Linda Lawton - DaImTo
  • 106,405
  • 32
  • 180
  • 449
Jay Jeong
  • 892
  • 2
  • 11
  • 24
  • When the client ID is retrieved as ``other``, ``redirect_uris`` has ``urn:ietf:wg:oauth:2.0:oob`` and ``http://localhost``. So how about modifying from ``redirect_uri=urn:ietf:wg:oauth:2.0:oob`` to ``redirect_uri=http://localhost``? If this was not useful for you, I'm sorry. – Tanaike May 15 '18 at 02:56
  • oh wow now It redirected me to google sign-in page and it also prompted user to allow my app to manage the user's campaigns. But although it is supposed to give me a verification code, it says This site can’t provide a secure connection localhost sent an invalid response. Try running Network Diagnostics. ERR_SSL_PROTOCOL_ERROR and my server also has error like this, 2018-05-14 22:55:43 -0700: HTTP parse error, malformed request (): # do you know why it does this..? – Jay Jeong May 15 '18 at 06:01

1 Answers1

2

The way Oauth2 works is that it needs to know where to return the authentication to. This is done by defining a Redirect URI.

With browser based applications its easy to know where the authentication should be returned to. In this case it should go to a page on the website designed to handle the response form the authentication server.

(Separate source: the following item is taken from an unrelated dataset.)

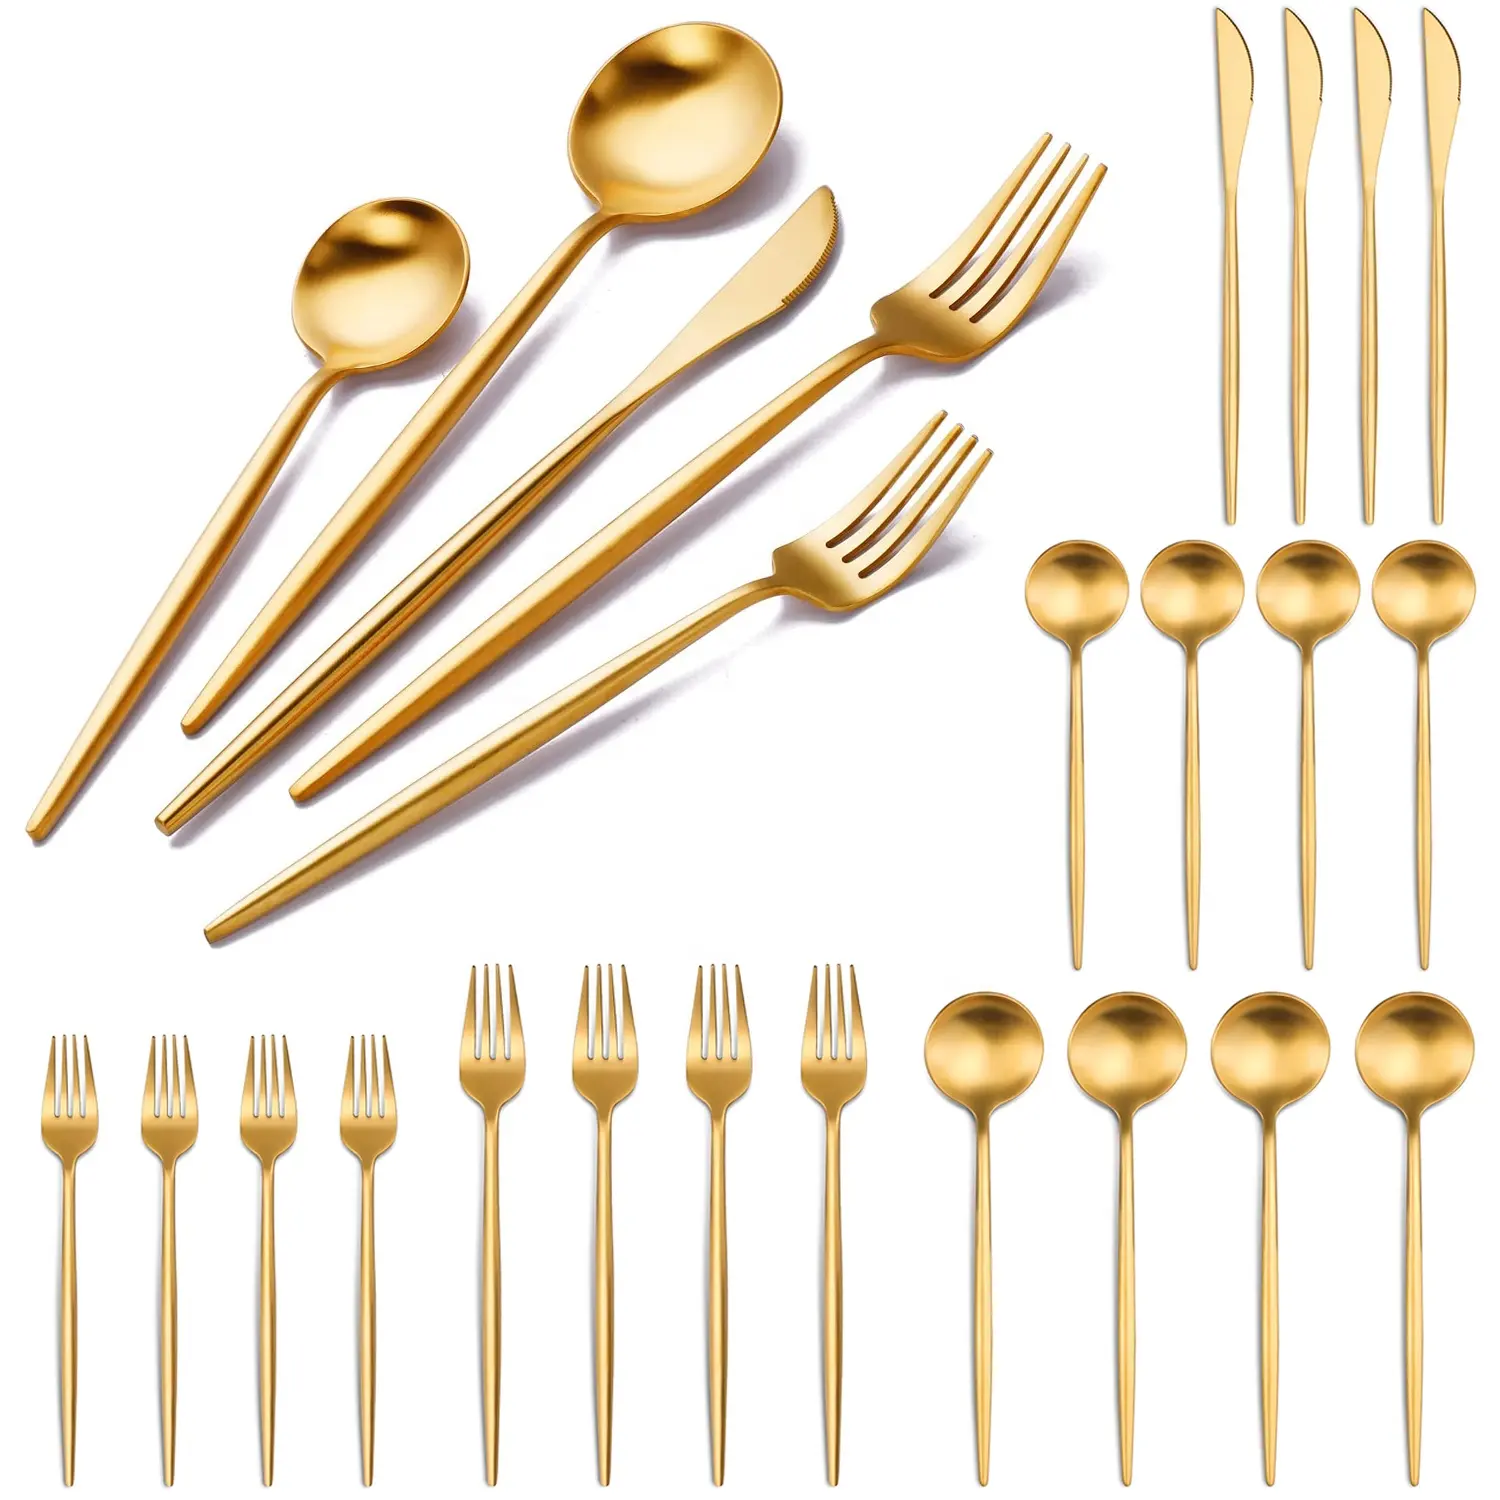 USA STOCK 304 Stainless Steel Metal Golden Plated Bulk Fork Spoon Cutlery Sets Party Event Wedding Flatware Gold Silverware Set

With installed applications thats a little harder becouse there is no website to return to so no way of knowing an exact ip address where to send it to. In this case google creates two standard redirect uris that you can use.

urn:ietf:wg:oauth:2.0:oob and and http://localhost

Explanation of your error

In your case if you read the error message you are sending a Native redirect uri to a browser client id.

Your issue:

309181******-lnbictq23g17o7pp3e6v7vdqq9juinv9.apps.googleusercontent.com  <--- Web client id  
urn:ietf:wg:oauth:2.0:oob  <--- Redirect uri only allowed for native clients

Solution

Go back to Google developer console and find the client id and client secret for the native (other) client you created. You cant use urn:ietf:wg:oauth:2.0:oob with a browser client id as you have done now.

Now this really depends on what your doing here. If you are going to release this on a website someplace then leaving this as a browser client would probably be a decide id. in that case just using http://localhost for your redirect uri will solve your problem. But you should add a new redirect uri when you release this to your production website. Leaving localhost allowed in a production client is a bad idea in my opinion.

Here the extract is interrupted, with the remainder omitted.